A questi rischi e difficoltà si aggiunge quella della conciliazione tra maternità e lavoro per il mercato, stante una organizzazione del lavoro non sempre amichevole nei confronti di chi ha la responsabilità di bambini piccoli e la scarsità, oltre che il costo, dei servizi per la prima infanzia. Pur tenendo conto dei nidi convenzionati, di quelli privati e delle sezioni primavera nelle scuole per l’infanzia, il livello di copertura arriva al 25 per cento, con grandi differenze tra regioni e tra Centro-Nord e Mezzogiorno. Secondo i dati dell’Ispettorato del lavoro, oltre il 70 per cento di chi lascia volontariamente il lavoro lo fa a causa della difficoltà a conciliarlo con la maternità. I numeri aiutano anche a capire come mai oggi le donne tra i 35 e i 39 anni facciano più spesso figli di quelle tra i 25 e i 29 anni e le ultra-quarantenni ne facciano come le 20-24enni. Man mano che le donne, e ancor più i loro compagni, si stabilizzano nel mercato del lavoro e migliorano il proprio reddito possono affrontare con maggiore serenità i rischi, e i costi, di un figlio o di un figlio in più.

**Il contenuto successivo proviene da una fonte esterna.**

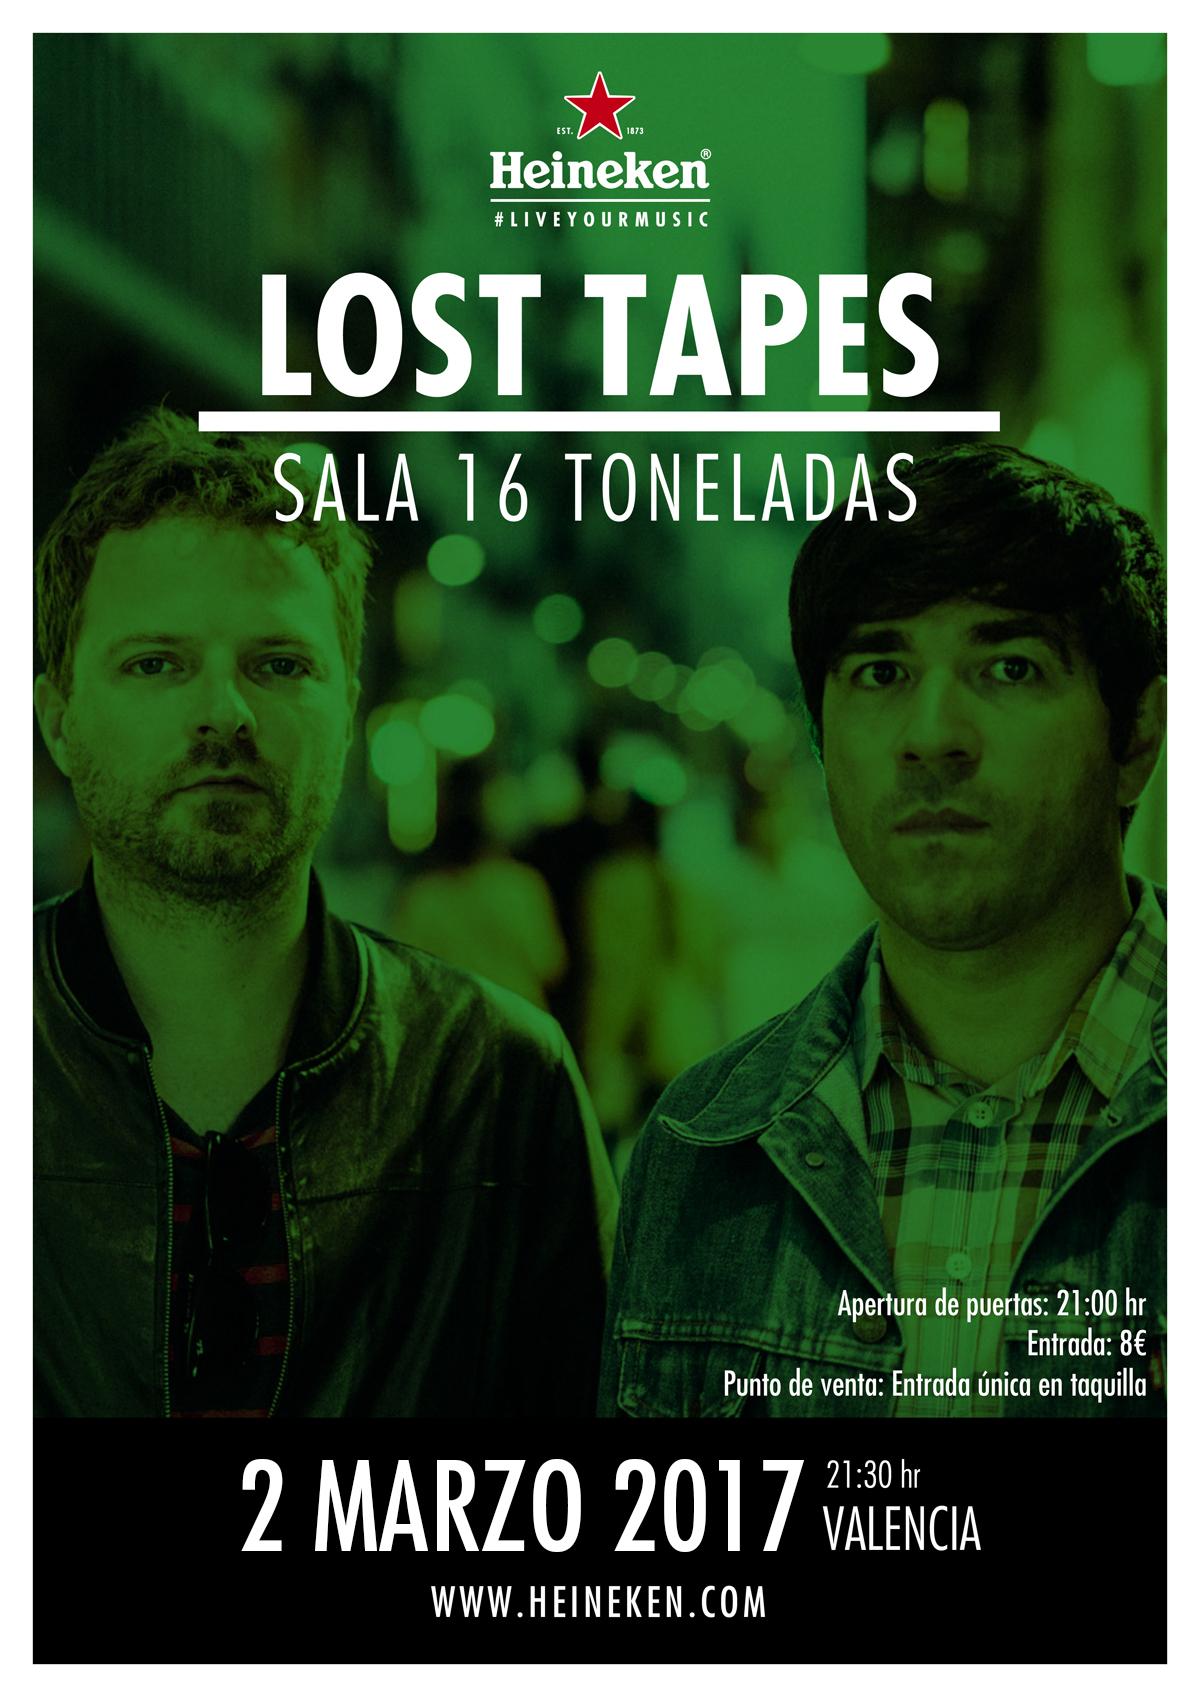 losttapes_16toneladas_2mar17

I dati aiutano anche a capire perché, contrariamente a qualche decennio fa, il tasso di fecondità sia un po’ più alto al Nord (1,36) rispetto al Centro (1,25) e al Mezzogiorno (1,26). In parte contribuisce sicuramente la più forte presenza di stranieri nelle regioni settentrionali, dato che la fecondità tra le straniere, ancorché in calo, è più alta (1,89) che tra le autoctone (1,22). Contribuisce tuttavia anche un contesto economico più favorevole, con tassi di occupazione femminile più elevati e un’offerta di servizi comparativamente più generosa.

Necessità di un “family act”

Di fronte a questa situazione, si deve guardare con favore non tanto alla rituale proclamazione della centralità della famiglia da parte del presidente del Consiglio Giuseppe Conte, quanto alla promessa della ministra Elena Bonetti di definire in tempi brevi un family act (al di là dell’inutile inglesismo) comprensivo, entro cui collocare in modo coordinato la riorganizzazione del sistema frammentato dei sostegni economici legati alla presenza di figli, il rafforzamento del sistema dei congedi di maternità e genitoriali (sperabilmente anche alla luce delle condizioni di lavoro e contrattuali non standard di molte lavoratrici e lavoratori), l’ampliamento dell’offerta di servizi socio-educativi di qualità e accessibili.

Giacciono in parlamento diverse proposte di legge che affrontano l’uno o l’altro di questi temi. Sarà opportuno che i vari proponenti e la ministra cooperino per arrivare a un disegno complessivo comune, anche ascoltando le riflessioni e proposte che provengono da soggetti della società civile che su questi temi lavorano da anni e che a loro volta stanno facendo lo sforzo di coordinarsi e cooperare – si veda ad esempio l’Alleanza per l’infanzia – invece di competere per qualche diritto di primogenitura.